BLOG

4 listopada 2015

Historia zakurzonego pudełka, czyli skąd czerpać inspiracje?






Kiedyś często zastanawiałam się skąd czerpią inspiracje inni? Potem sama otrzymywałam lawinę podobnych pytań. Dzisiaj wiem, że nie ma jednej dobrej odpowiedzi ani złotej rady. Dla wszystkich! Tych poszukujących natchnienia czy tych, którzy już czerpią z inspiracji. 


Na ogół inspiracji szukamy daleko, nie rozglądając się wokół siebie. Wynika to z naszej zahukanej natury. Zawsze porównujemy się do innych, mamy gorzej niż inni, chcielibyśmy żyć jak inni. Z pewnością stąd wynika problem z koncentracją, twórczym myśleniem oraz wychodzenie z ram “tu i teraz”. 

Zobacz również: Strefa komfortu w szafie - jak ją zbudować? 

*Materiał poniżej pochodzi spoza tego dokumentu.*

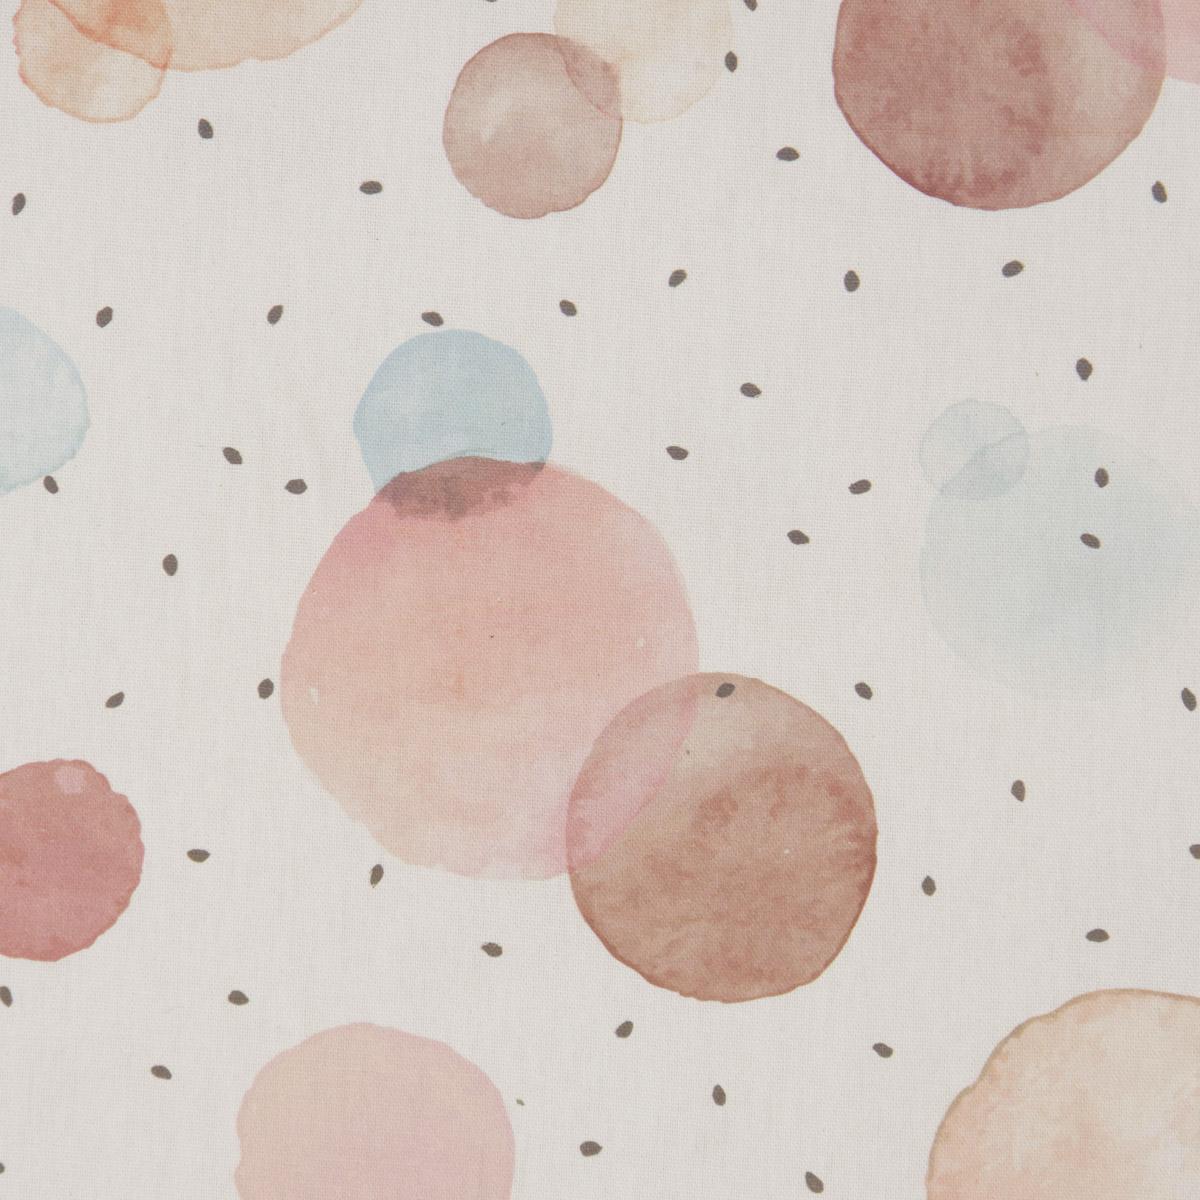 Dekostoff Baumwollstoff Halbpanama wollweiß mit Kreisen Aquarell-Tupfen pastell raumhoch 2,80m Breite

Jess / www.nataliagorzolka.pl



Inspiracja dla kolekcyjnej Jess i Bless to historia wyjęta z zakurzonego kartonu, sprzed dwóch lat. Dwa lata temu na wesele przyjaciółki stworzyłam jeden ze swoich pierwszych sukienkowych projektów. Wtedy myślałam, że oryginalny, z tiulowym bordo pasem. Wówczas kierowałam się chęcią zwiększenia komfortu jej zakładania oraz stworzenia głębokiego dekoltu na plecach, które uwielbiam. Z pomocą przyszedł mi zamek rozdzielczy regulowany z obu stron. Pozwolił na stabilizację ramion przy mocno wyciętym dekolcie z możliwością jego regulacji oraz zwiększył wygodę chodzenia, gdy sytuacja wymagała większego luzu (regulowany z dołu). Udało mi się stworzyć coś dla żyjących bardzo aktywnie i intensywnie na co dzień, dla mnie! 



Potem zapomniałam o tej sukience na kilka lat. Wyciągnęłam ją robiąc porządek ze stertą zakurzonych kartonów, wśród których na jednym odczytałam napis: “Pierwsze projekty”. Wstydząc się teraz tych niedoskonałych wykonań już chciałam go wyrzucić gdy zobaczyłam piękny i elegancki materiał w kolorze ecru. W moim kolorze, należącym do ulubione palety barw. Wyciągnęłam tunikę i zaczęłam ją nosić. Do trampek, spodni, spódnic, czy krótkich, eleganckich, białych spodenek. Coraz mocniej ją rozpinając, to z góry, to regulując od dołu. W zależności od sytuacji i potrzeb, wykonywanego zajęcia, a z czasem z czystej oryginalności i własnego gustu. 


*Sukienka prototyp. W stylizacji potraktowana jako tunika



*Sukienka dzianinowa w stylizacji traktowana jako sweter



Tak właśnie z inspiracji powstał trend. Trend i cecha charakterystyczna marki - zapięcie z tyłu na zamek rozdzielczy regulowany z góry i dołu. Z letniej sukienki zrobiła się tunika przejściówka, a w aktualnym sezonie A/W’16 New Glance staje się 3w1 i otrzymuje nową funkcję dzianinowego sweterka z wiązanym golfem na szyję. 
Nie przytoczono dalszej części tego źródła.